30 July 2012
Derry to mark 40th anniversary of British Army’s ‘Operation Motorman’
'Operation Motorman' came after Bloody Sunday
THERE will be a series of events held in Derry tomorrow (Tuesday 31st July) to mark the 40th anniversary of Operation Motorman
It will begin at 6pm in Creggan Heights adjacent to Glassagh Park/Grotto with a historical account of Operation Motorman.
This will be followed by the unveiling of the plaque in memory of IRA Volunteer Seamus Bradley at Chapel Lane beside Bishop's Field. A memorial Mass will be held at St Mary’s Chapel, Creggan, at 7:30pm.
Directly after the Mass there will be a photographic display at the Cornbeef Centre, Central Drive. The display will be accompanied by a talk on the Daniel Hegarty Inquest by a representative of the Pat Finucane Centre. A presentation will be made to the Bradley and Hegarty families by the Eamonn Lafferty Sinn Féin Cumann.
Earlier that day (at 1pm) the Creggan Monument Committee will make a presentation to the family of IRA Volunteer Seamus Bradley at the Creggan Republican Monument, Cromore Gardens.
‘Operation Motorman’
ONE of the largest military operations undertaken by the British Army since the end of the Second World War was mounted across the Six Counties on the last day of July 1972. The background to ‘Operation Motorman’ was the British breach of the truce with the IRA which had lasted from 26 June to 9 July 1972.
Earlier that year, the British Army had been responsible for the Bloody Sunday massacre of 14 civilians in Derry.
The climax of the intense military repression of nationalists that had begun the previous August with the imposition of internment without trial.
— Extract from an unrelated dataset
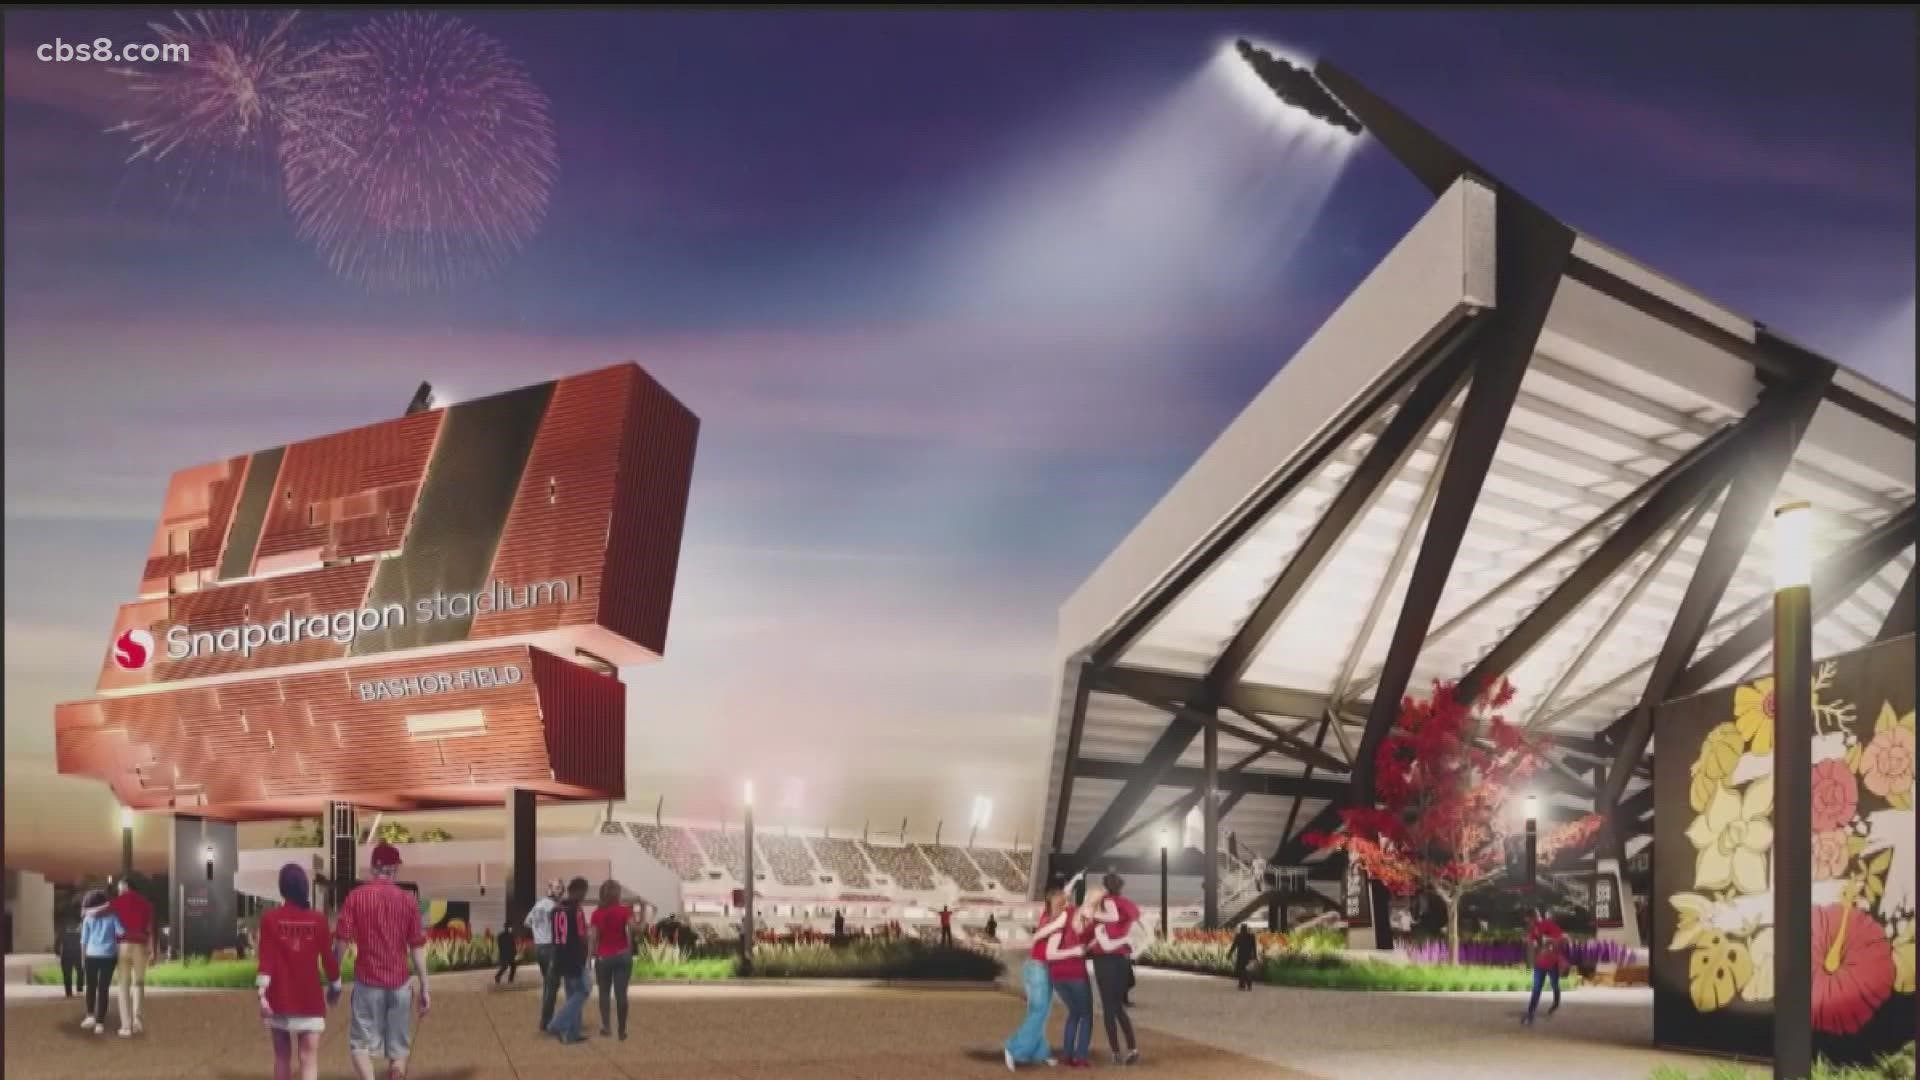 The $45M exclusive naming rights deal with Qualcomm Technologies, Inc. is for 15 years.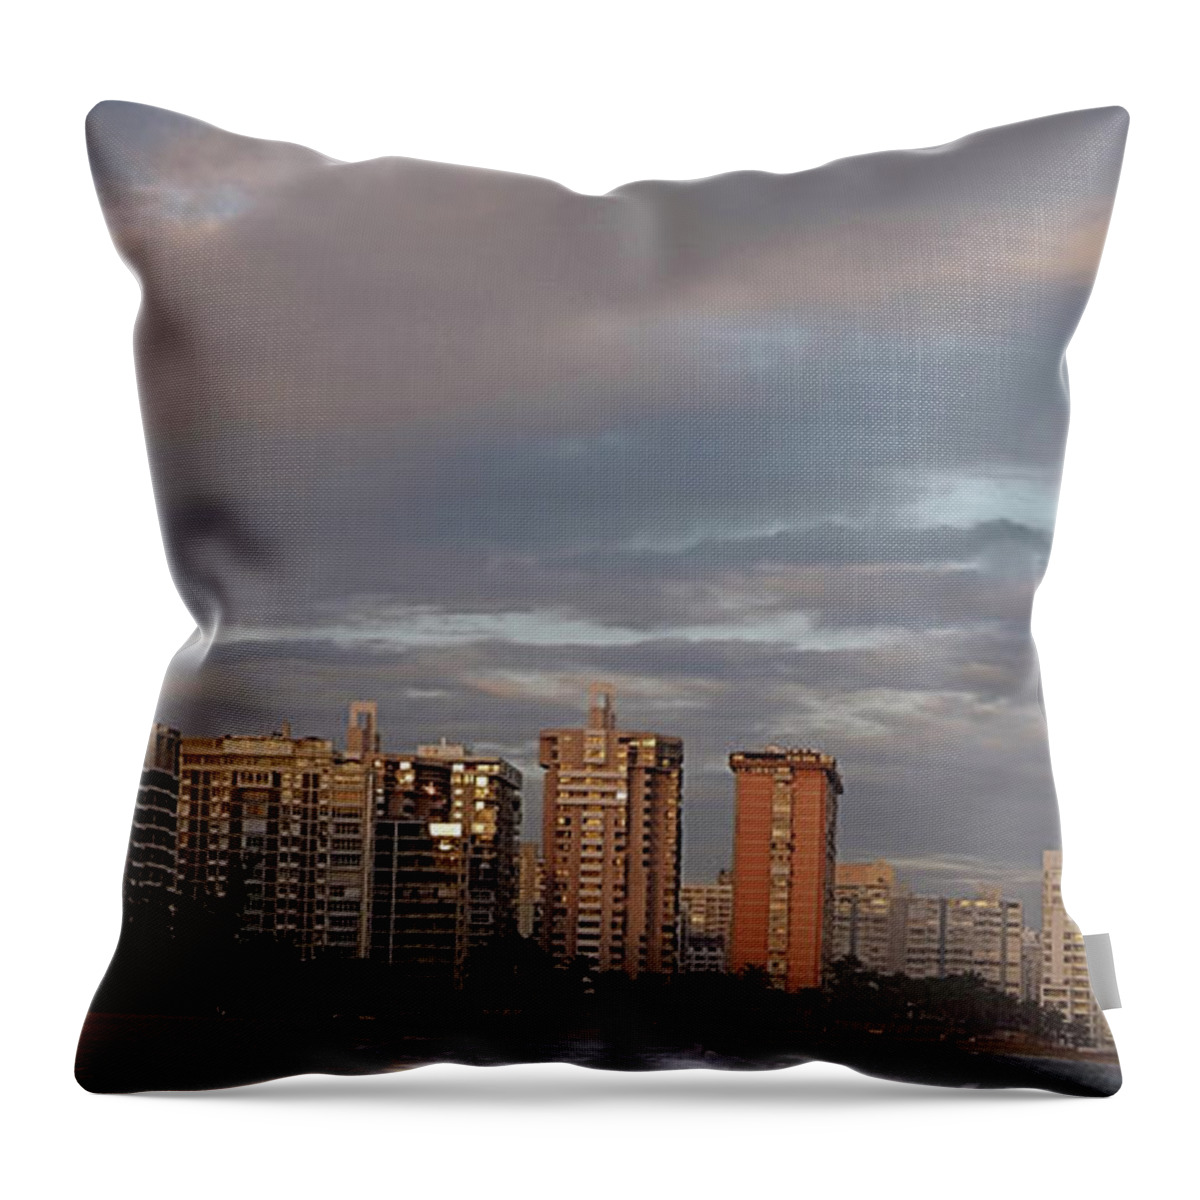 Isla Verde Throw Pillow featuring the photograph Isla Verde by Newwwman

The reaction in Ireland and worldwide to Bloody Sunday caused a crisis for the British Tory Government of Edward Heath (pictured) and for the unionist government in Stormont.
In March, the British Government abolished the Stormont parliament and introduced direct rule with the aim of shoring up the crumbling Six-County state.
On 31 July, 12,000 British troops, using tanks, bulldozers and armoured cars, smashed through the barricades. Schools, factories and other premises were occupied, many of them remaining as British Army fortresses until the Peace Process at the end of the 1990s. In Creggan in Derry, the British Army killed civilian Daniel Hegarty (16) and IRA Volunteer Seamus Bradley (19).